A Quarter Century into the Millennium

3 min read
A Quarter Century into the Millennium
Image: view from a windshield at a curve in a road that is surrounded by trees in autumn. Photo by Marta Wave.

This piece was originally posted on Substack on January 2, 2025.

I was seven years old when my family prepared for Y2K. I remember being terrified about what my conservative parents told me would happen: all the computers would crash, and everything we depended on technology for would no longer work.

I was under the impression that all the criminals in prisons would be released because the locks and security also depended upon computers.

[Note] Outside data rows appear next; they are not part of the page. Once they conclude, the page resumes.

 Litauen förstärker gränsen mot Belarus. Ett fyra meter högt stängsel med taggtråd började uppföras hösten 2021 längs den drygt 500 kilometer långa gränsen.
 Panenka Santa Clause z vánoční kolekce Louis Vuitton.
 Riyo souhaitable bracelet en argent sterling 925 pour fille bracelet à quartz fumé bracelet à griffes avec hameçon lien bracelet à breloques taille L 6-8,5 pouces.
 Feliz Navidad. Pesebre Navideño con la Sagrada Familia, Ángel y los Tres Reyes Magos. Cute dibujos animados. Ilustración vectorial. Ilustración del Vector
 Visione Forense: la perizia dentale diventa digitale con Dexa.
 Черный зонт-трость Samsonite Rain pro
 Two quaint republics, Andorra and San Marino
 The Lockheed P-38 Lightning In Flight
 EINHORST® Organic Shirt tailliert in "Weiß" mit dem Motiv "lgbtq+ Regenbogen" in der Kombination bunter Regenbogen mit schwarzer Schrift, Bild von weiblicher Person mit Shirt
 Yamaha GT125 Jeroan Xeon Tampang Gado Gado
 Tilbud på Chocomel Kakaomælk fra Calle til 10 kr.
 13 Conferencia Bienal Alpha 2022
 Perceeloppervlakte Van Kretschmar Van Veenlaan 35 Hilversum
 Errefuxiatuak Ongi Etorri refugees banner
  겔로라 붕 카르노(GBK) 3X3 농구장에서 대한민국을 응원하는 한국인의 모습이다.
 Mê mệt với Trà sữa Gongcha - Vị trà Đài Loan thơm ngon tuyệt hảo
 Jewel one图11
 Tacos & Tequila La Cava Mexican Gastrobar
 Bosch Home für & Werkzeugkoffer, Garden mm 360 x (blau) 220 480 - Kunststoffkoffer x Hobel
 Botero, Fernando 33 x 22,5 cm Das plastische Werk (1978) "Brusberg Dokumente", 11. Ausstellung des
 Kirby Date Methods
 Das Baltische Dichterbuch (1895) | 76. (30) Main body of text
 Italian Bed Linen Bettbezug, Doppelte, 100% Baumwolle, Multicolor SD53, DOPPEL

The basement of our little house in Minnesota was stocked with lots of dry goods, and we even filled extra buckets with water in case the plumbing went down.

My family had a tradition of eating a piece of pickled herring on a saltine right at midnight. It was apparently to honor our Swedish heritage. I remember standing around the kitchen table, counting down the last minute to midnight, and feeling dread about how much life as we knew it was about to change. We simultaneously crunched our fish and crackers and waited for the lights to go out.

The lights didn’t go out. Nothing changed at all, except that we had a lot of prepper supplies to go through over the next several years.

This new year feels like bracing for the worst. I wish I could say differently. I want to say we’re imagining a new future for ourselves, but it seems like we’re being propelled at lightning speed toward a situation nobody wants. I am struggling to hold onto hope.

This new year doesn’t seem new and fresh. It feels like the same old thing, being repackaged and marketed to the masses as revitalizing. The fact is that we are tired!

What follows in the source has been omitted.